Data excerpts:
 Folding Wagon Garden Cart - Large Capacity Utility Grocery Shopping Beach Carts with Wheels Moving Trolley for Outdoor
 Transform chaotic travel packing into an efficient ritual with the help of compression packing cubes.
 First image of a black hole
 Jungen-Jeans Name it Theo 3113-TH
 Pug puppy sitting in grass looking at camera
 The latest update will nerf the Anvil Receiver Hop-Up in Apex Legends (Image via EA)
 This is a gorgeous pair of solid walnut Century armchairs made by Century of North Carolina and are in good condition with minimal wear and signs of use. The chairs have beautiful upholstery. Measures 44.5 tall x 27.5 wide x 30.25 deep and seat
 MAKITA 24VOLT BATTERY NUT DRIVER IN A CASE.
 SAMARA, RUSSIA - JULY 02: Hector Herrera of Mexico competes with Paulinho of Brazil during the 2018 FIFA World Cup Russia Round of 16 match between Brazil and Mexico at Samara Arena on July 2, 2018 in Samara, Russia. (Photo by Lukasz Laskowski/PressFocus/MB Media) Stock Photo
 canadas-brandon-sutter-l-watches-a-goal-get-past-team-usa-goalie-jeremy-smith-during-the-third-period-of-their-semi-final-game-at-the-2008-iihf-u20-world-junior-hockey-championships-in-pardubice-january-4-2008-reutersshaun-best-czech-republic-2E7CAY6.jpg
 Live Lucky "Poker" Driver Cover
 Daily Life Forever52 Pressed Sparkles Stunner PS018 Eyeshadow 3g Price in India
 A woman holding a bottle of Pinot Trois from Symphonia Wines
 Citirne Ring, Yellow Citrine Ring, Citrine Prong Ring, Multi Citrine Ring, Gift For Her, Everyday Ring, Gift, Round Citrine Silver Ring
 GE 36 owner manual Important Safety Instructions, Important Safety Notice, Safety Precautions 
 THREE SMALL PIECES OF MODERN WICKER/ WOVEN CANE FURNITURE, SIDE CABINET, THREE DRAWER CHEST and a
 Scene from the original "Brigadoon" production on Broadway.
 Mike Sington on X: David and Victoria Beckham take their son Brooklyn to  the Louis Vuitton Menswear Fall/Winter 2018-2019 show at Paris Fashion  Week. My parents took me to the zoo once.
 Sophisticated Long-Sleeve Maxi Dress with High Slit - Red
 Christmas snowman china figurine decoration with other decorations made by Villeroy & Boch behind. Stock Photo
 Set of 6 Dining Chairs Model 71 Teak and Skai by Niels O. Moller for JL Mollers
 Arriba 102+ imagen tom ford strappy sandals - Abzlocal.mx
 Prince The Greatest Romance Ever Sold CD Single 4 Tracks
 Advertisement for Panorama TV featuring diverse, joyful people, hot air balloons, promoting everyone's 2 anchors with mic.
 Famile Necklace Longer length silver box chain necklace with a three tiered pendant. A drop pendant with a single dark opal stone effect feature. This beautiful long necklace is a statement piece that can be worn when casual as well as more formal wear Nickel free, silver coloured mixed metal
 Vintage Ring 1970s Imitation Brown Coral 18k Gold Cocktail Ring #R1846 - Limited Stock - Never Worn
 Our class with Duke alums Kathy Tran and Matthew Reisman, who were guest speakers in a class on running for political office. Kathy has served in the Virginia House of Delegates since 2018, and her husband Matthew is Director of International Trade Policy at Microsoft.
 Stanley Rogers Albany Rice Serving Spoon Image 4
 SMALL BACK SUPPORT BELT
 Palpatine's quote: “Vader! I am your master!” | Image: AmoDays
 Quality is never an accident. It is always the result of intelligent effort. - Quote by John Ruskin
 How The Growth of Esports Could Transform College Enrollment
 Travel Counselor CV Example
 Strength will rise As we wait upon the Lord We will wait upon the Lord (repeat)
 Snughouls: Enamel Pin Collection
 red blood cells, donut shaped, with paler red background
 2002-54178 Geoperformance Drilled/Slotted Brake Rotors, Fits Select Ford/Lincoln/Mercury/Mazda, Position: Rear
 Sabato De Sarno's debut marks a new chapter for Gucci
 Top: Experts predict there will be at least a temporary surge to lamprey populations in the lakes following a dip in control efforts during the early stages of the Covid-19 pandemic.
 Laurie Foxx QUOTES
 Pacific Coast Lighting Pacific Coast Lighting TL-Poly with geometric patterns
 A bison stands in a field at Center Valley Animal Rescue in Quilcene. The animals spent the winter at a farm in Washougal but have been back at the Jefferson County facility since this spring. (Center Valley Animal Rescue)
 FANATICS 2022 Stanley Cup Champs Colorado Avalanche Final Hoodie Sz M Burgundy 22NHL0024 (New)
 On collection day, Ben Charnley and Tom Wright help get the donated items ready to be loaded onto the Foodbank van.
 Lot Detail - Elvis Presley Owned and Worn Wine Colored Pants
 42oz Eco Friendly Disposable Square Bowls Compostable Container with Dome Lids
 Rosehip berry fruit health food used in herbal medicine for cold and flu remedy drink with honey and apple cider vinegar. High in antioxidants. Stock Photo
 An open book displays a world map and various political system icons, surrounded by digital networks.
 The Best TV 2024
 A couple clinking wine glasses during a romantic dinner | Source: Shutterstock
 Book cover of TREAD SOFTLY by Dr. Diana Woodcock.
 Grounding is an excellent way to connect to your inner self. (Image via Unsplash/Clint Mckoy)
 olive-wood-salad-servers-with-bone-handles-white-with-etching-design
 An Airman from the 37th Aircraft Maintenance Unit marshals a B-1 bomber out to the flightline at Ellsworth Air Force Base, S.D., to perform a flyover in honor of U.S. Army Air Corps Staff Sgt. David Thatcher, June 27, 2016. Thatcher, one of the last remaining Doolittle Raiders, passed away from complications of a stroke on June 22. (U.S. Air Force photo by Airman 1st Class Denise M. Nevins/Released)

**TASK PROMPT**
From the records above, return each line that includes "will".

**FINISHED EXERCISE**
 The latest update will nerf the Anvil Receiver Hop-Up in Apex Legends (Image via EA)
 Strength will rise As we wait upon the Lord We will wait upon the Lord (repeat)
 Top: Experts predict there will be at least a temporary surge to lamprey populations in the lakes following a dip in control efforts during the early stages of the Covid-19 pandemic.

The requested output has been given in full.